I have the same problem on my mother's house.  Two fireplace flues.  She doesn't use the fireplaces, so I put a vinyl storm window type membrane in in the fireplace in addition to the damper.  I am trying to keep warm moist air from rising and condensing on the interior of the chimney.  So far, it seems to be working.  Next, I am getting the chisel, knocking out the motor that needs it, and redoing those joints.

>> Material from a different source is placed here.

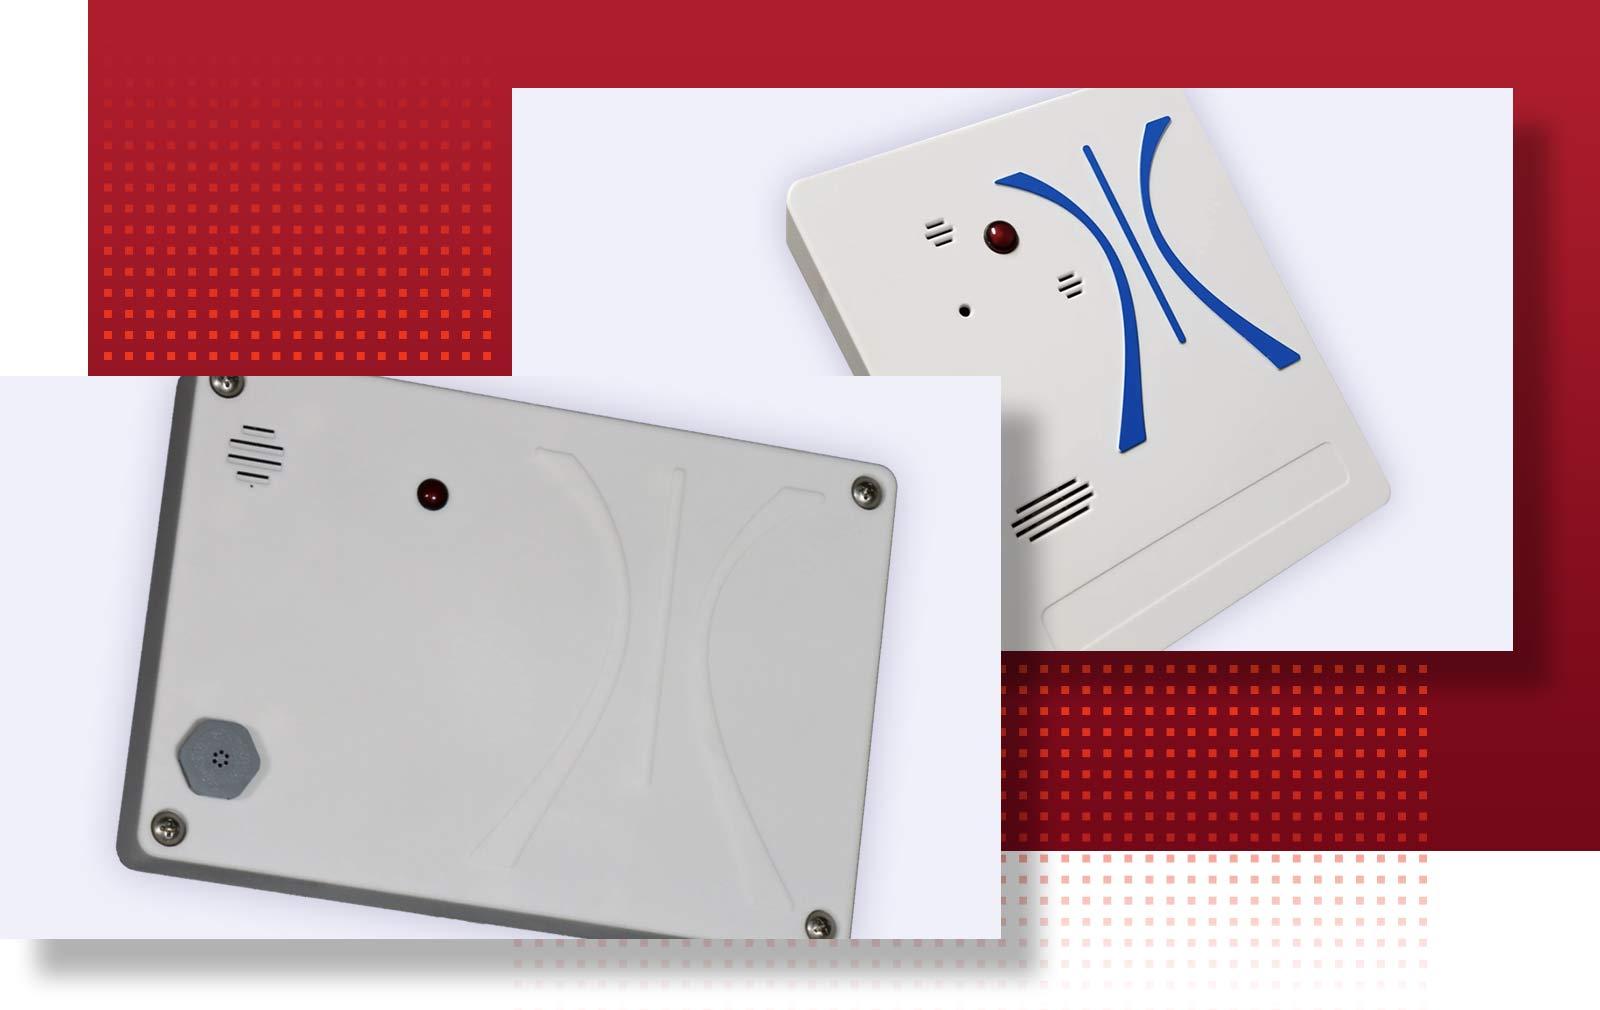 Defendry Outdoor & Indoor Outdoor Gunshot Detection

Her concrete chimney cap is in good shape, but had a few fine cracks.  My first go was to seal those with silicone caulk and seal up the joints around the concrete/metal raincaps.  Didn't notice any big difference, so have gone to the condensation idea.  Her damage is on the east and north side of the chimney.  The west and south have little apparent damage.  So there is something subtle going on with temperature involved.

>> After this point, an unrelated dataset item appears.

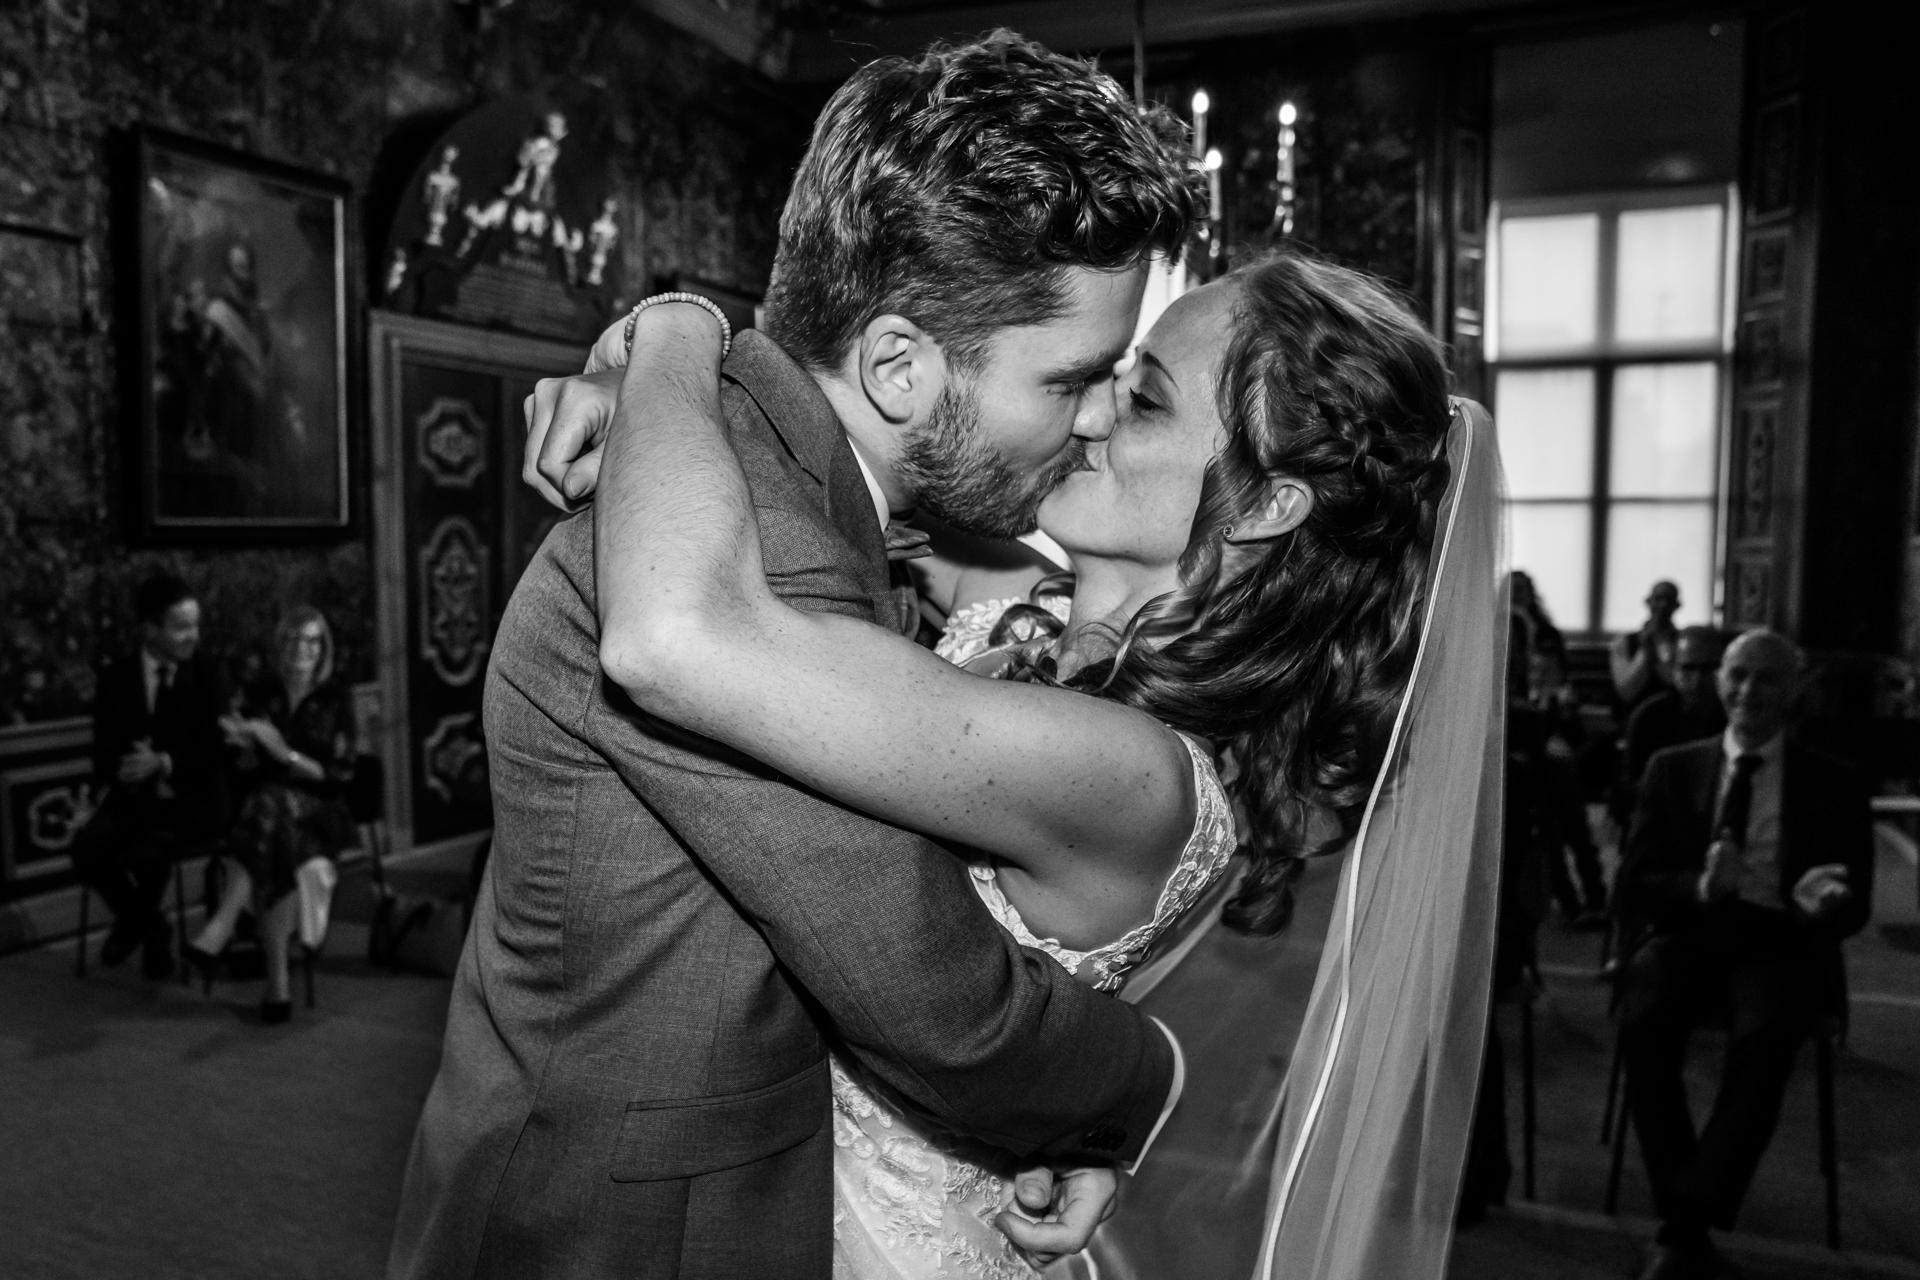 Cérémonie de mariage NL Photo de la mairie de Harderwijk | À la fin de la cérémonie, les mariés partagent leur premier baiser

Tapping around up there, my opinion in my case is the spalled bricks are still sound.  Matching her bricks will be almost impossible.  So unless they are coming apart, I am going to make do with a good repair that sheds exterior water.  Hers has lasted about 60 years, so it is time for a little TLC.


----------



## tickbitty (Sep 12, 2011)

Thanks very much Jimbo, that's helpful.  I'm afraid I'm not a confident DIY-er with this kind of thing.  Would it be a mistake to hire a mason, or would a handyman be better you think?


----------



## jimbom (Sep 12, 2011)

tickbitty said:
			
		

> Thanks very much Jimbo, that's helpful.  I'm afraid I'm not a confident DIY-er with this kind of thing.  Would it be a mistake to hire a mason, or would a handyman be better you think?


  This a much harder question.  If you could get some input from your neighbors or coworkers, that would be best.  Mason or handyman - see if they will visit and give you a quote along with an idea what they propose to do.  Once you pick one, ask for references on chimney repair jobs.  Check those.  Make sure they have workmans comp and insurance.  Your homeowners policy will have guidance for you on having contractors work on your property.  A good job done here will last several decades, so consider that when evaluating the price.


----------



## tickbitty (Sep 12, 2011)

JimboM said:
			
		

> tickbitty said:
> 
> 
> 
> ...



Great ideas, thank you.


----------



## kenfsr (Sep 19, 2011)

moisture penetration into brick and concrete, freeze thaw making brick spall and delaminate, solution= clean brick and concrete to remove all dirt,mildew,laitance , etc. power wash or minimum hose off cleaner and dirt. appply clear sealer after brick is dry, 24 hrs. minimum dry time in good weather. I have used  OKON products in past as a contractor with good results. website http://www.okoninc.com/Home.asp . Hope this helps


----------